Where we can provide information access and correction, we will do so for free, except where it would require a disproportionate effort. We aim to maintain our services in a manner that protects information from accidental or malicious destruction. Because of this, after you delete information from our services, we may not immediately delete residual copies from our active servers and may not remove information from our backup systems.


We do not share personal information with companies, organizations and individuals outside of Areff Systems AB unless one of the following circumstances applies:

We will share personal information with companies, organizations or individuals outside of Areff Systems AB when we have your consent to do so. We require opt-in consent for the sharing of any sensitive personal information.


We provide personal information to our affiliates or other trusted businesses or persons to process it for us, based on our instructions and in compliance with our Privacy Policy and any other appropriate confidentiality and security measures. For services requiring transmission of personal information to a 3rd party, for that service to function, the information is being transmitted in compliance with our Privacy Policy and any other appropriate confidentiality and security measures.

We will share personal information with companies, organizations or individuals outside of Areff Systems AB if we have a good-faith belief that access, use, preservation or disclosure of the information is reasonably necessary to:

  • meet any applicable law, regulation, legal process or enforceable governmental request.
  • enforce applicable Terms of Service, including investigation of potential violations.
  • detect, prevent, or otherwise address fraud, security or technical issues.
  • protect against harm to the rights, property or safety of Google, our users or the public as required or permitted by law.

We may share non-personally identifiable information publicly and with our partners – like publishers, advertisers or connected sites. For example, we may share information publicly to show trends about the general use of our services.

If Areff Systems AB is involved in a merger, acquisition or asset sale, we will continue to ensure the confidentiality of any personal information and give affected users notice before personal information is transferred or becomes subject to a different privacy policy.


We work hard to protect Areff Systems AB and our users from unauthorized access to or unauthorized alteration, disclosure or destruction of information we hold. In particular:

  • We encrypt many of our services using SSL.
  • We review our information collection, storage and processing practices, including physical security measures, to guard against unauthorized access to systems.
  • We restrict access to personal information to Areff Systems AB employees, contractors and agents who need to know that information in order to process it for us, and who are subject to strict contractual confidentiality obligations and may be disciplined or terminated if they fail to meet these obligations.


Our Privacy Policy applies to all of the services offered by Areff Systems AB, but excludes services that have separate privacy policies that do not incorporate this Privacy Policy.

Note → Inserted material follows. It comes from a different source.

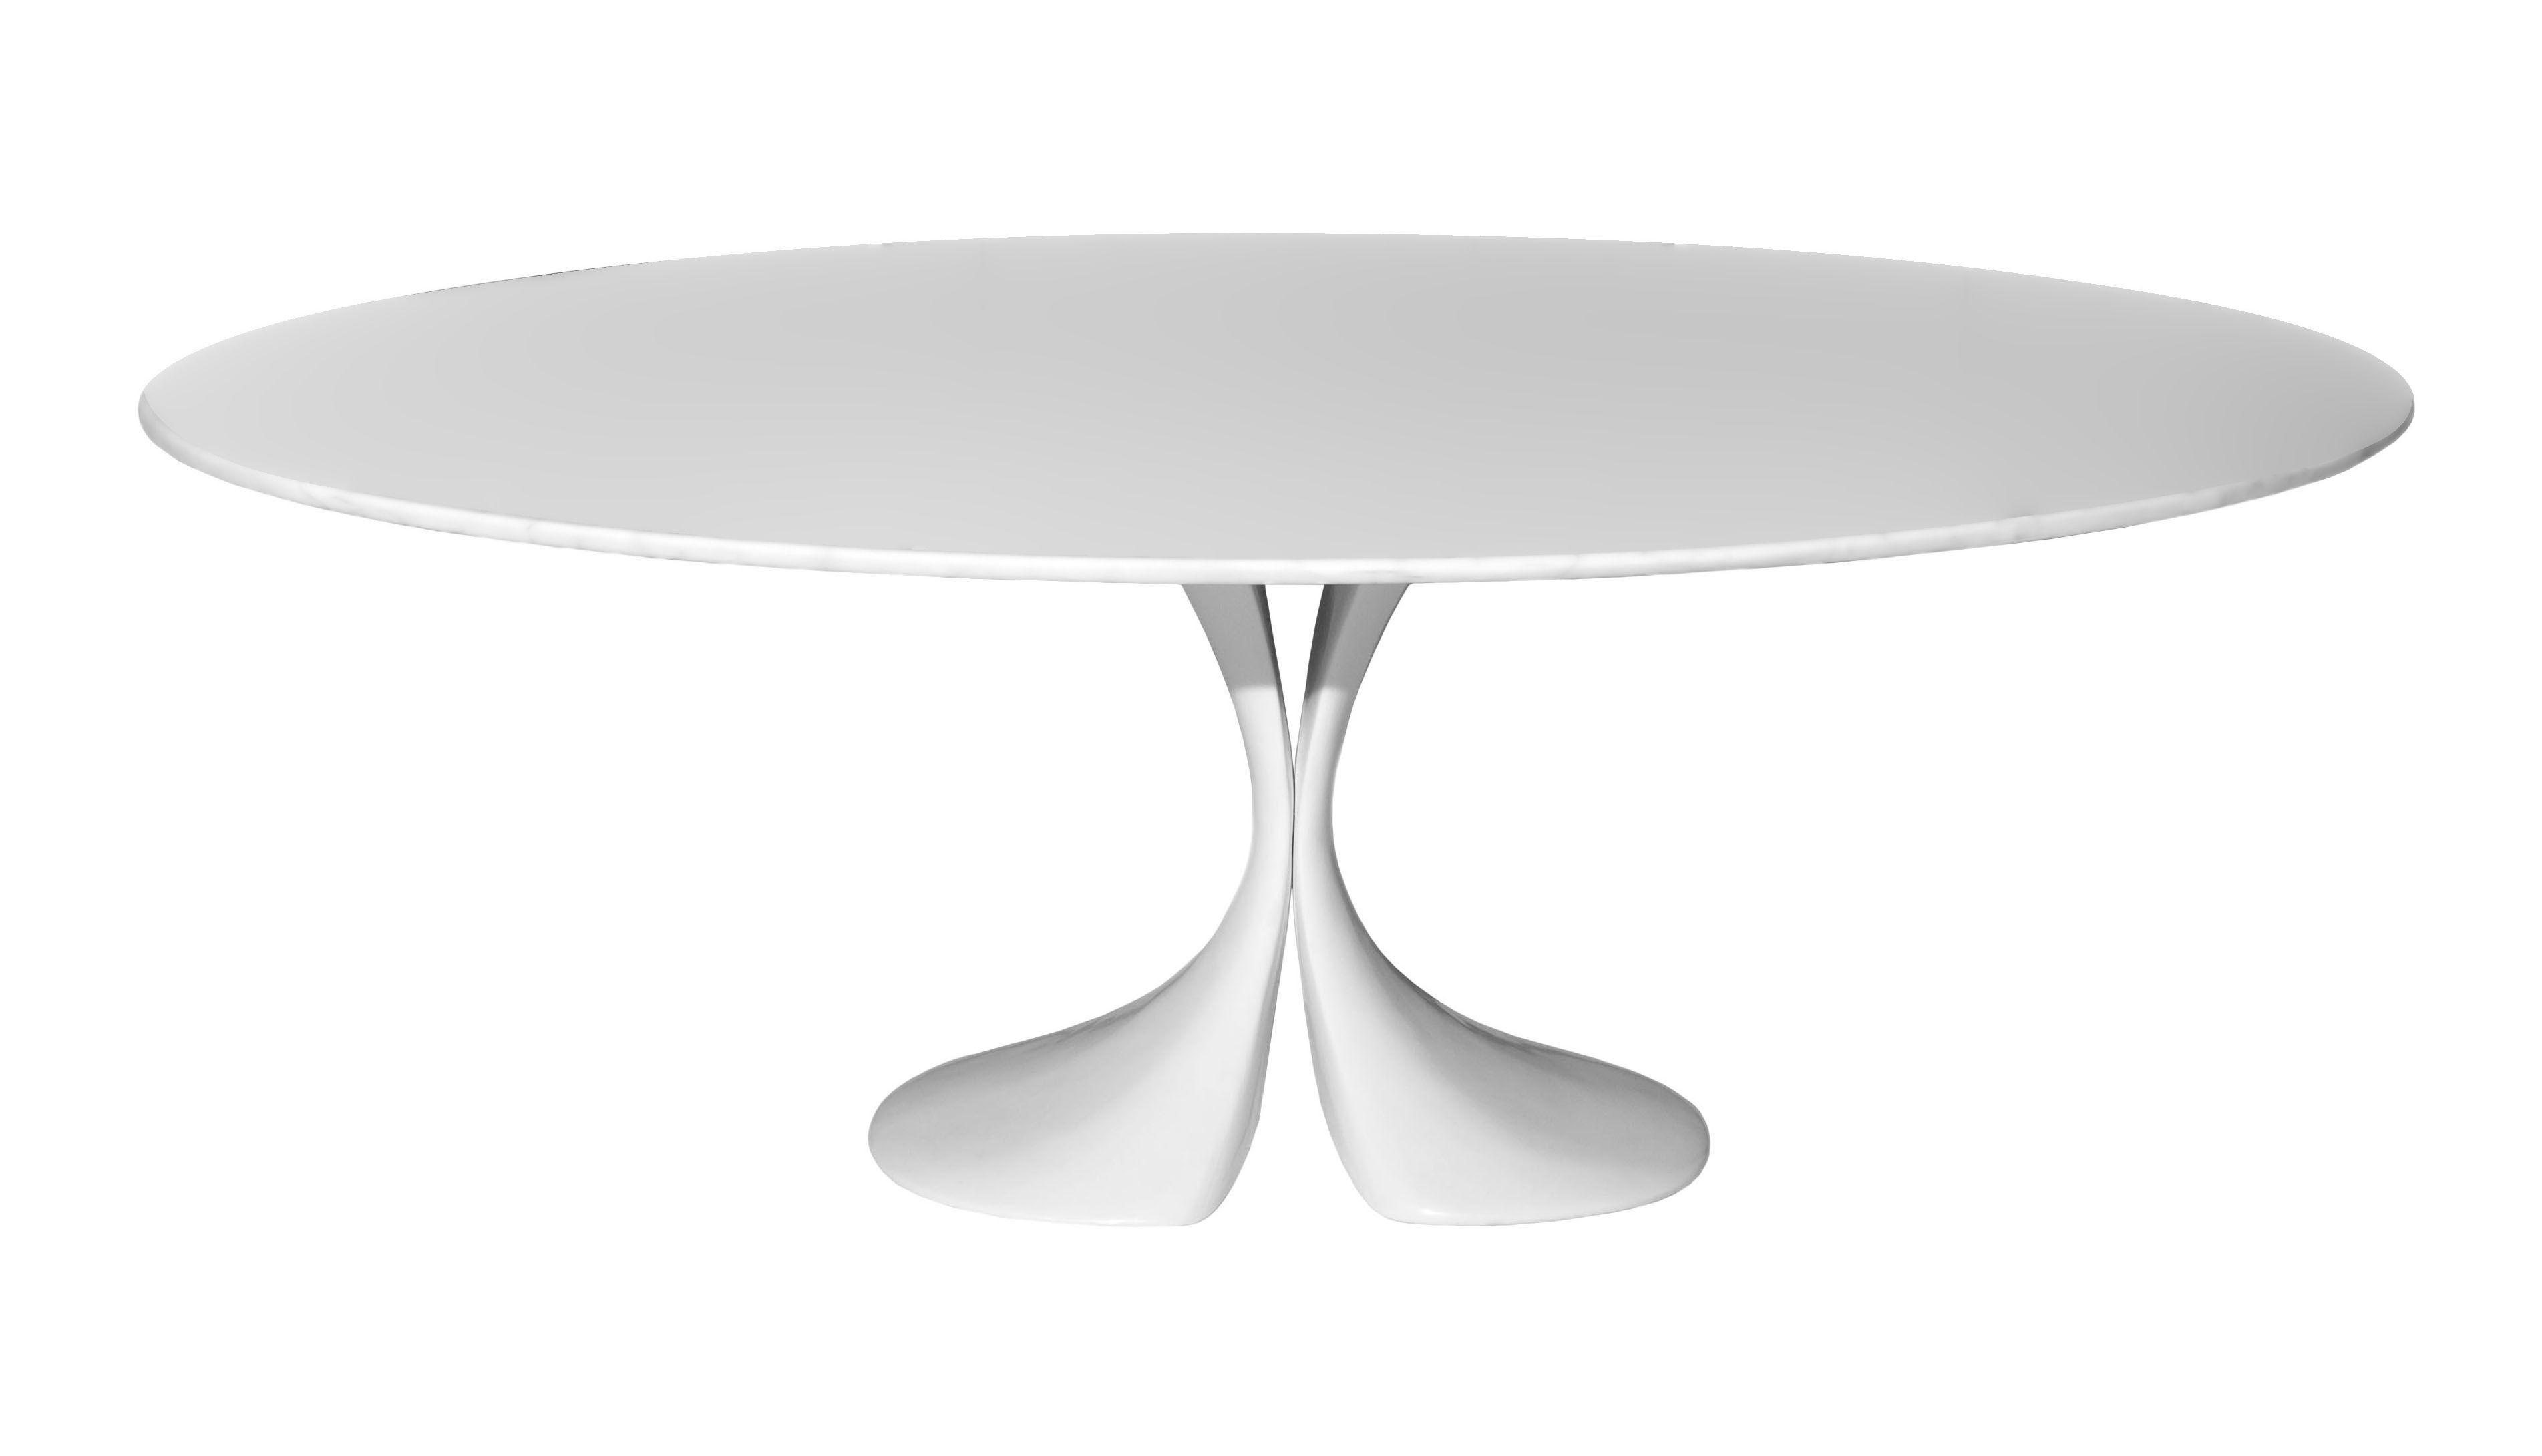 Arredamento - Tavoli - Tavolo ovale Didymos - 180 x 126 cm - Piano in Cristalplant di Driade - Piano in Cristalplant bianco - Cristalplant

Our Privacy Policy does not apply to services offered by other companies or individuals, including products or sites that may be displayed to you in search results, sites that may include Areff Systems AB services, or other sites linked from our services. Our Privacy Policy does not cover the information practices of other companies and organizations who advertise our services.


We regularly review our compliance with our Privacy Policy. We also adhere to several self-regulatory frameworks, including the EU-US Privacy Shield Framework. When we receive formal written complaints, we will contact the person who made the complaint to follow up. We work with the appropriate regulatory authorities, including local data protection authorities, to resolve any complaints regarding the transfer of personal data that we cannot resolve with our users directly.


Our Privacy Policy may change from time to time. We will post any privacy policy changes on this page and, if the changes are significant, we will provide a more prominent notice. We will also keep prior versions of this Privacy Policy in an archive for your review.